Je me suis orientée vers une VAE (validation des acquis de l’expérience) au Cuej, l’école de journalisme de Strasbourg et j’ai bien fait. Beaucoup de travail exigé, mais une organisation et un soutien sans faille. J’ai eu mon master j’aime à penser haut la main. J’ai relu cette année mon « mémoire» et je trouve qu’il tient toujours la route. Mais voilà, pour tenir le coup, pour assurer, surmonter les angoisses, continuer à soutenir et protéger mes enfants, je me suis tournée vers le seul carburant que je connaissais : la coke.

Naaaan ! Je plaisante. Je n’ai jamais été très drogue. Et puis ce n’étais pas dans mes moyens. Mon cerveau fonctionne très bien sans additifs. Je n’étais même pas sous antidépresseur.

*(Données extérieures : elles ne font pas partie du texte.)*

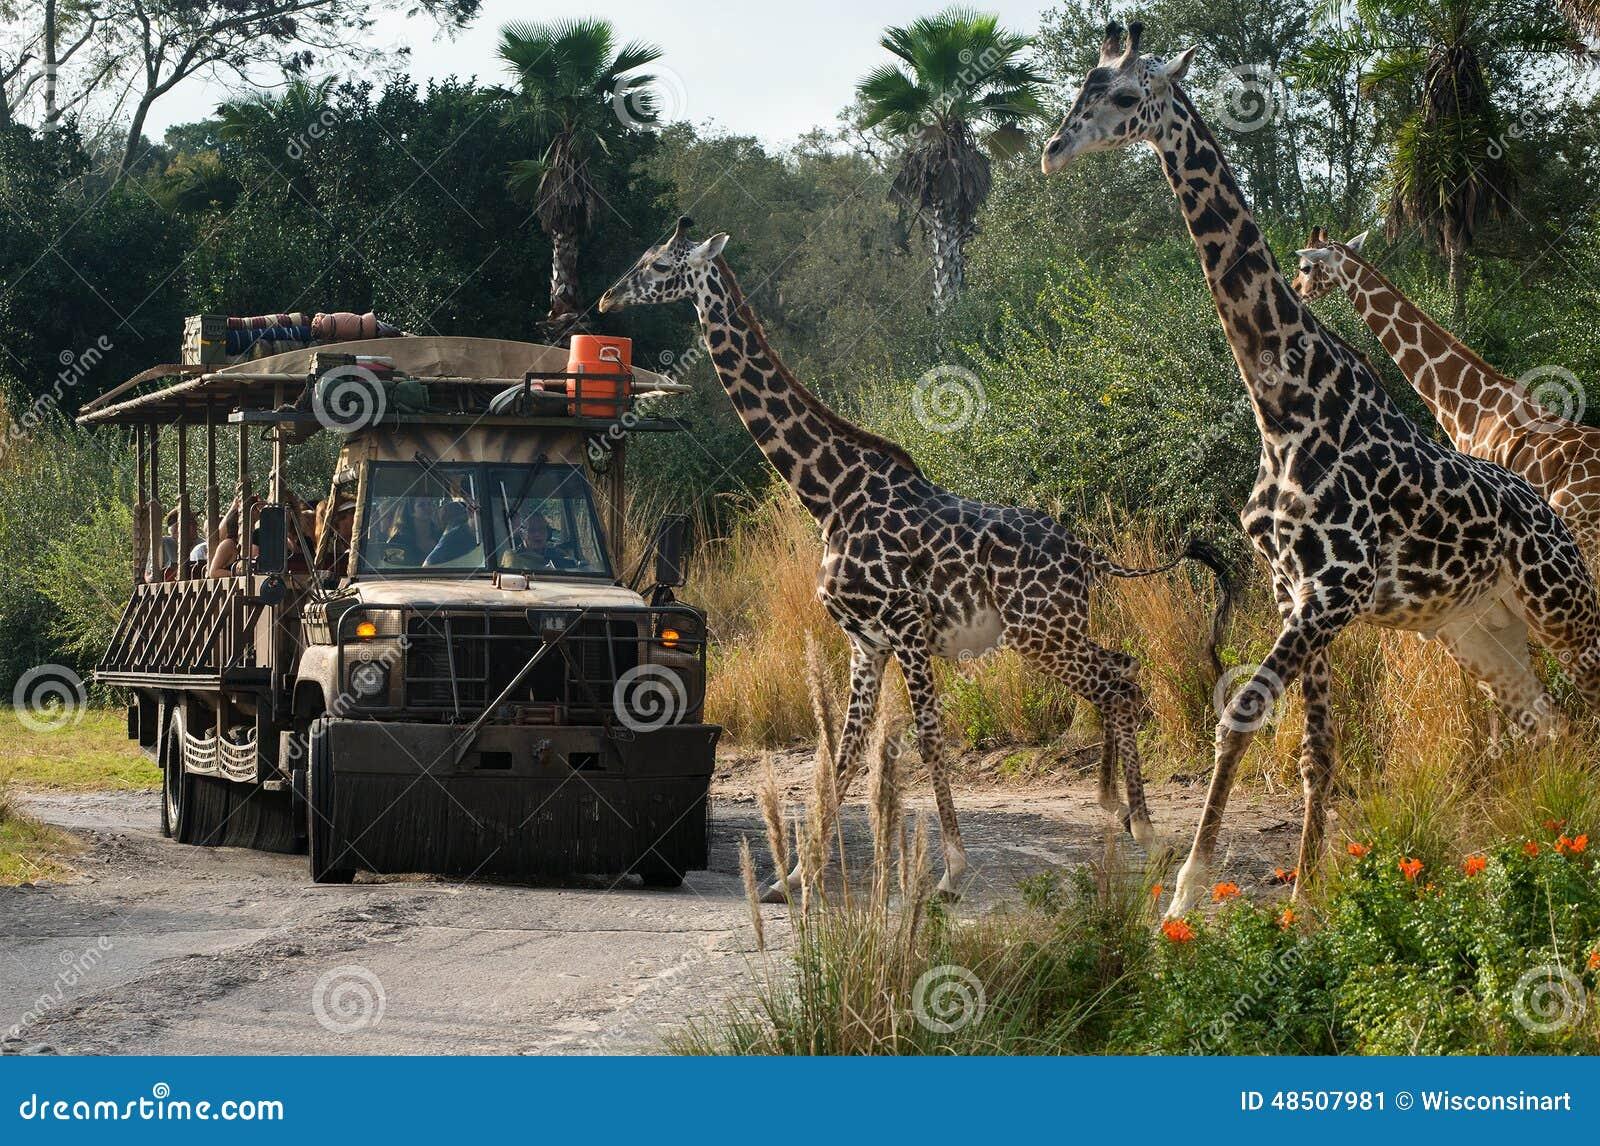 迪斯尼世界乞力马扎罗徒步旅行队动物Kindom
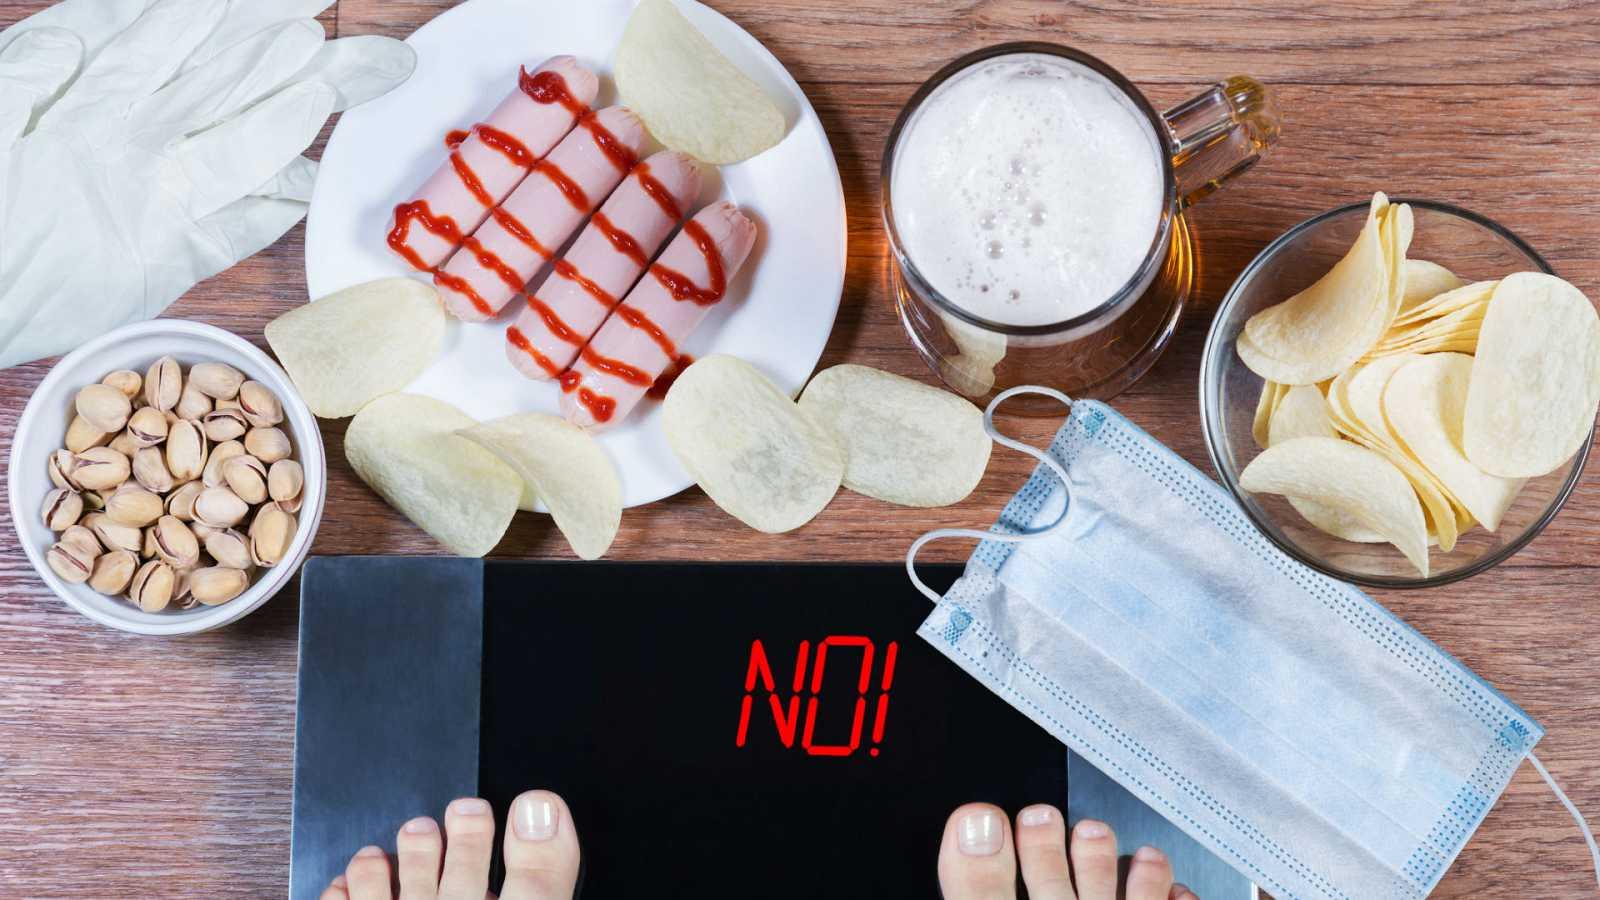 Alimento y salud - COVID-19 y obesidad - 24/05/20 - escuchar ahora

J’ai bouffé. Comme quatre. La nourriture remplissait tous mes vides, mes angoisses. Je me faisais de bonnes assiettes. Et j’en reprenais, une fois, parfois deux. Pendant la rédaction de mon mémoire, j’ai tenu à coup de tablettes de chocolat et de biscuits anglais. J’avais parfaitement conscience de me détruire la santé. Mais j’avais besoin de colmater mes failles pour tenir. Je disais que, vu ma vie à ce moment-là, c’était le seul plaisir qui me restait. Etre conscient de ses erreurs n’empêche pas de les commettre parce que parfois, on n’a pas le choix.

Ma sainte trilogie c’était mes filles puis mes étudiants (les 2 moteurs) et la bouffe (le carburant). J’étais totalement persuadée que lorsque cela irait mieux, je pourrai à nouveau vivre sans béquille. C’est ce qui s’est passé. Mais entretemps, le diabète s’est installé. Et probablement aussi le cancer.